## Exercise details
Return the listing that follows exactly, with no pictures included.

## Data block
☆ ☆ ☆ ☆
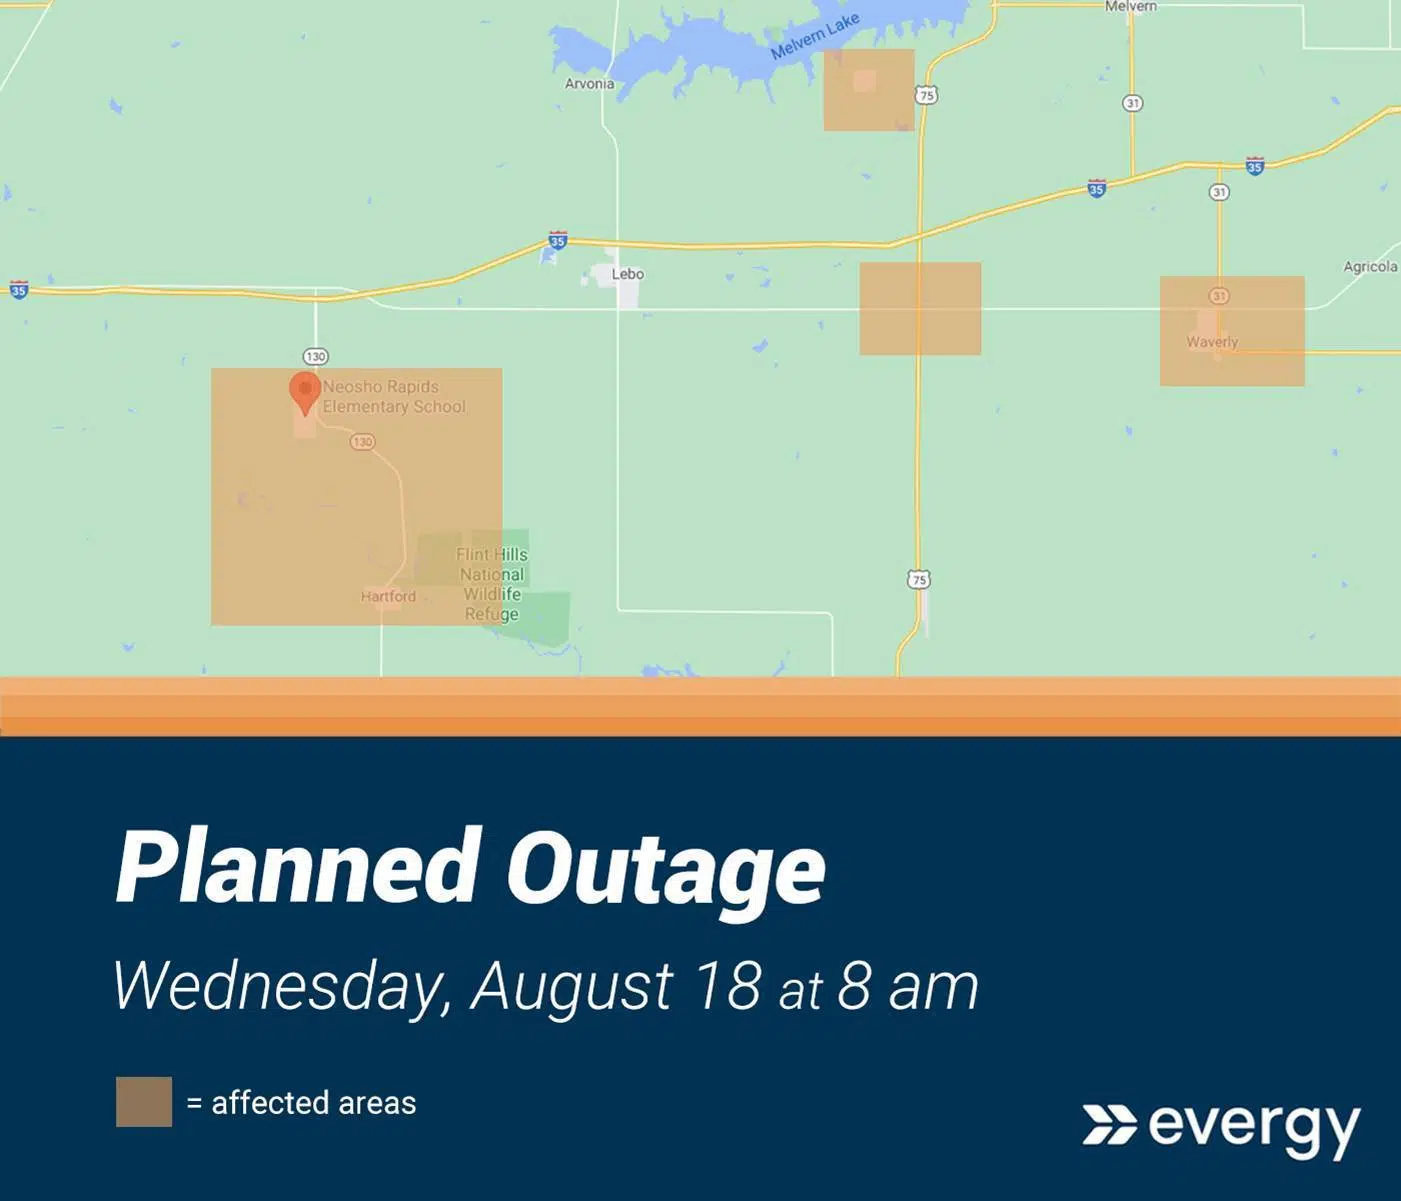 Evergy announces several planned power outages Wednesday near Emporia
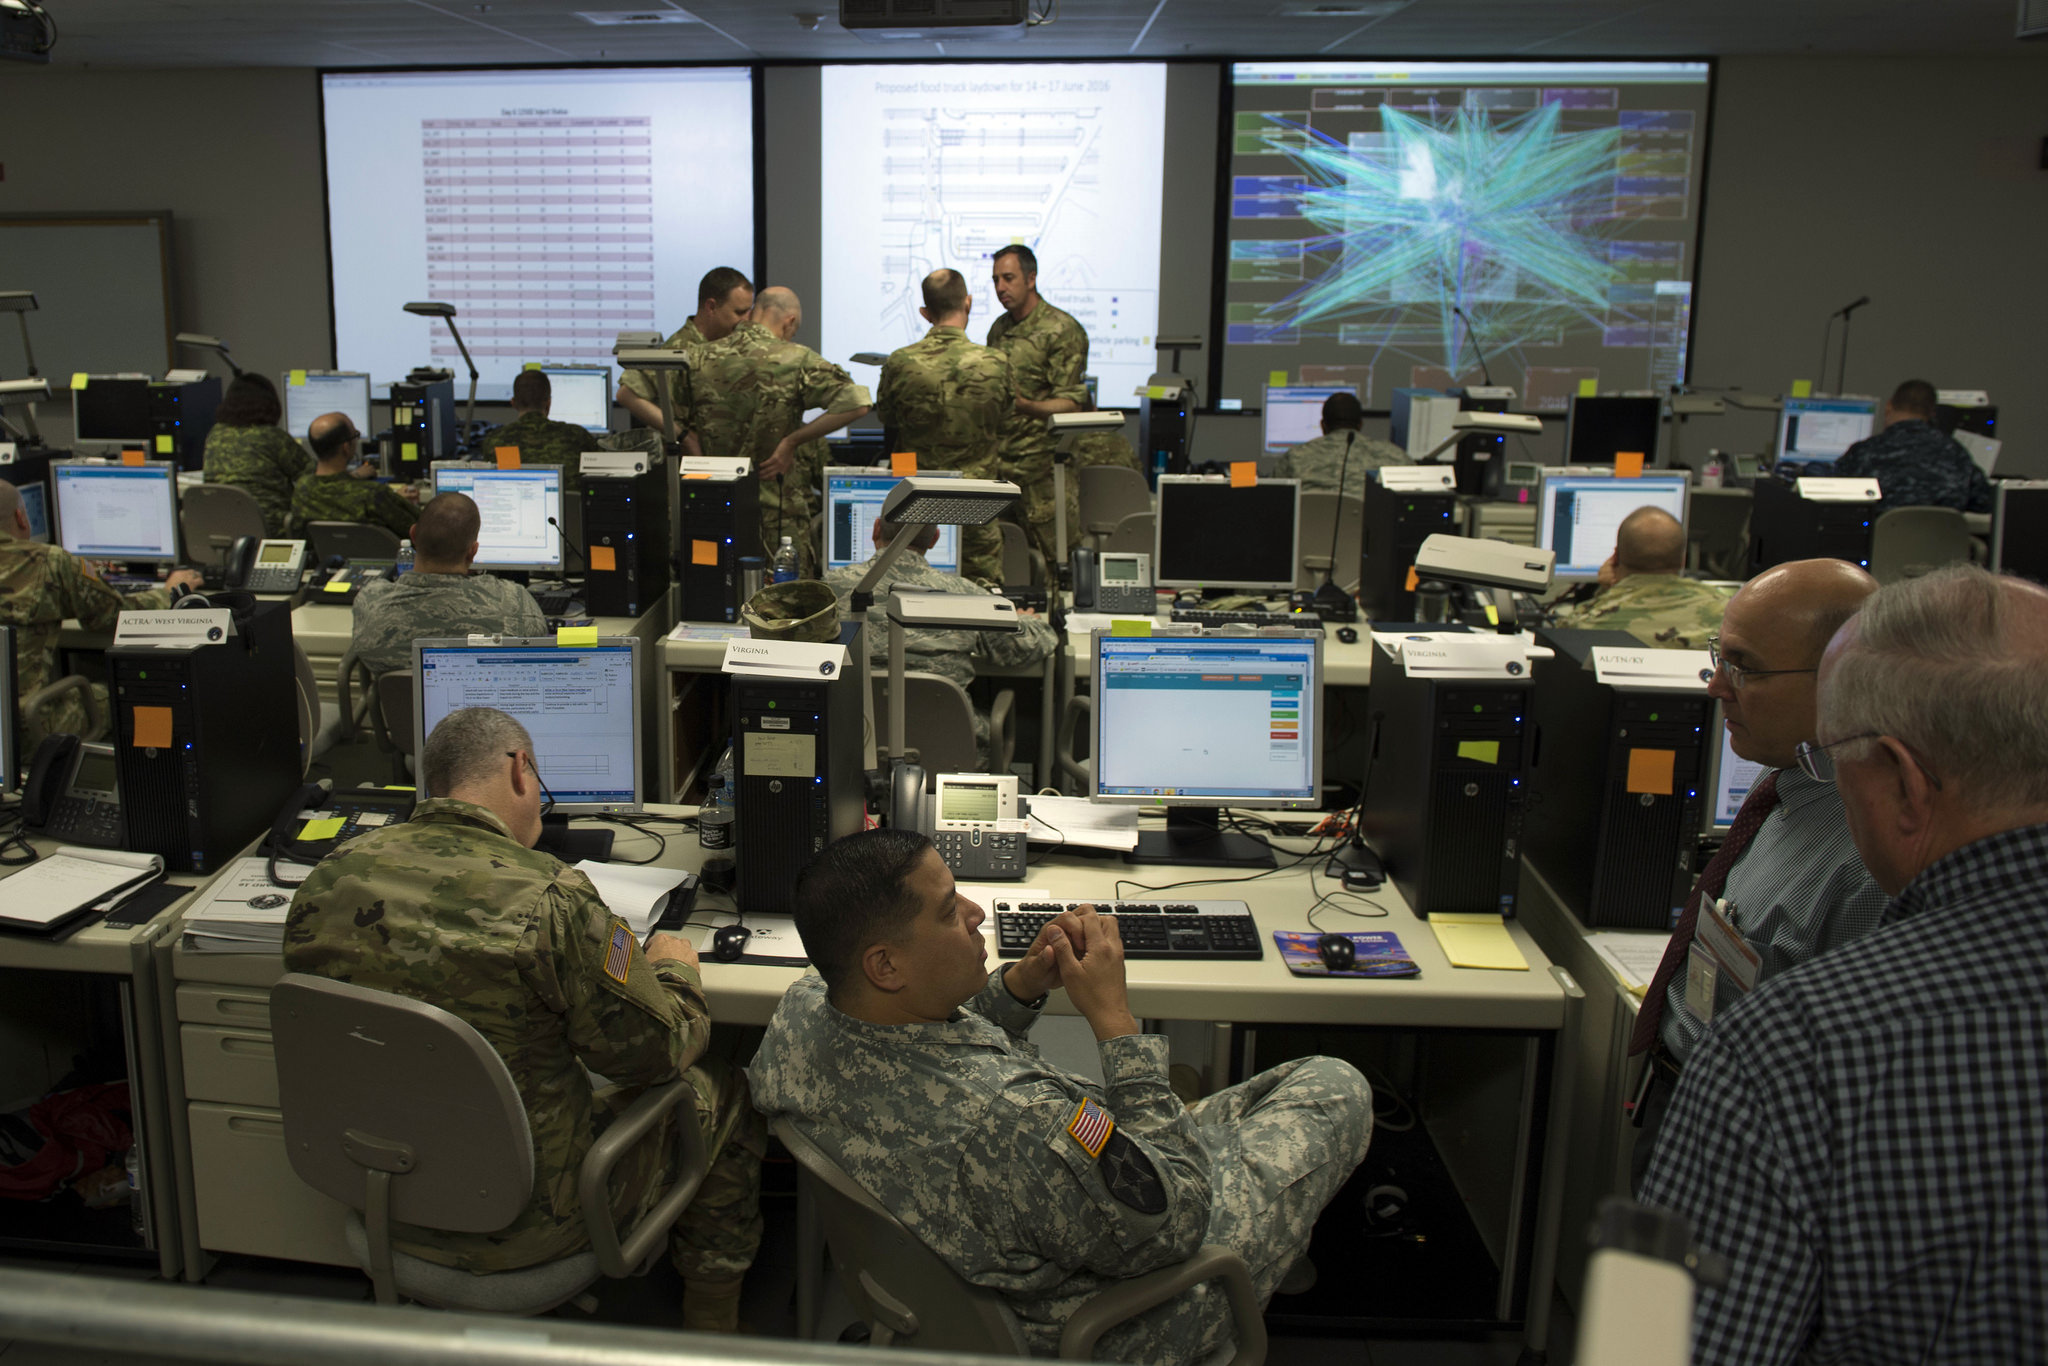 Participants in the joint, multinational exercise Cyber Guard 2016 work through a training scenario during the nine-day event in Suffolk, Va., June 16, 2016. Navy photo by Petty Officer 2nd Class Jesse A. Hyatt. -
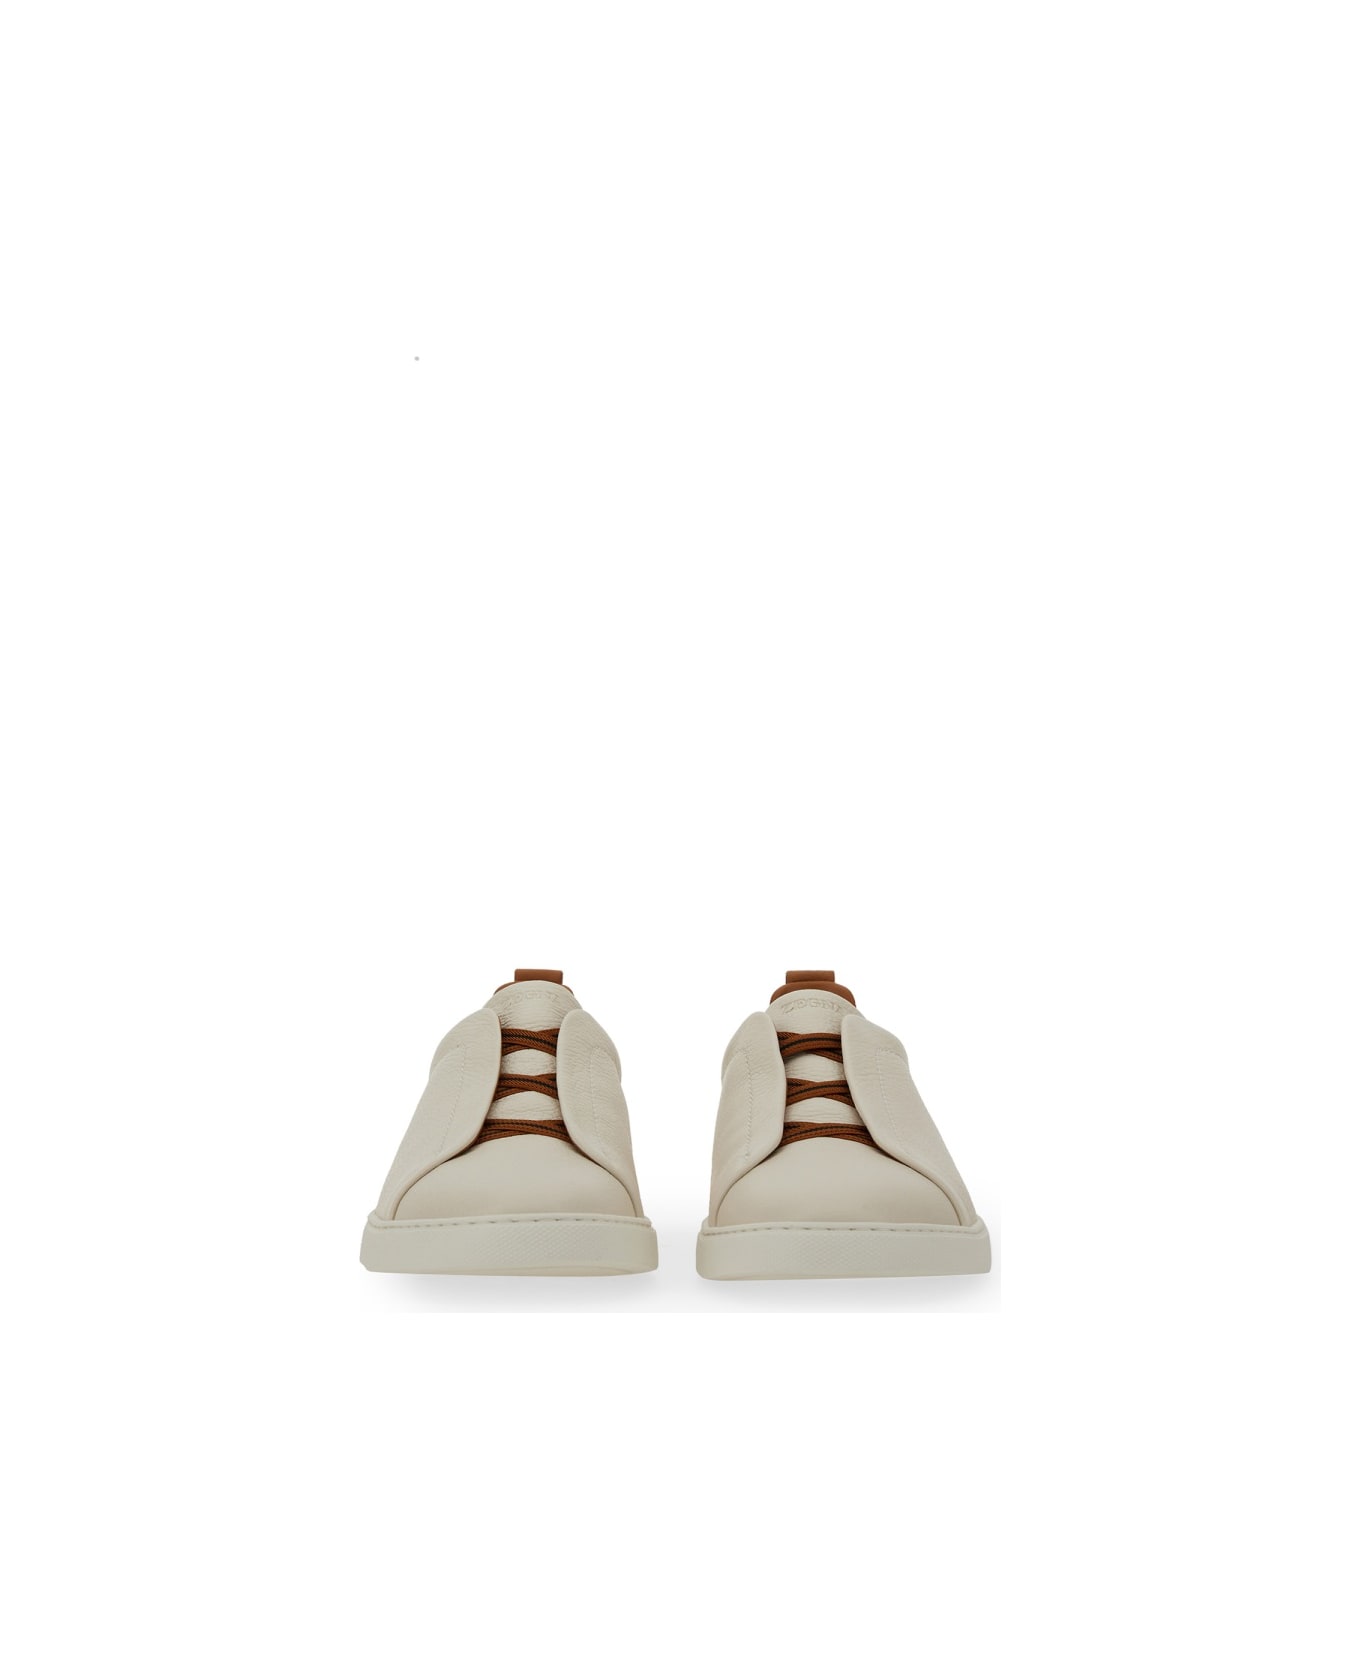 Zegna Low Top Sneaker With Triple Stitch - BEIGE
☆ ☆ ☆ ☆
## Answer area
 Evergy announces several planned power outages Wednesday near Emporia
 Participants in the joint, multinational exercise Cyber Guard 2016 work through a training scenario during the nine-day event in Suffolk, Va., June 16, 2016. Navy photo by Petty Officer 2nd Class Jesse A. Hyatt. -
 Zegna Low Top Sneaker With Triple Stitch - BEIGE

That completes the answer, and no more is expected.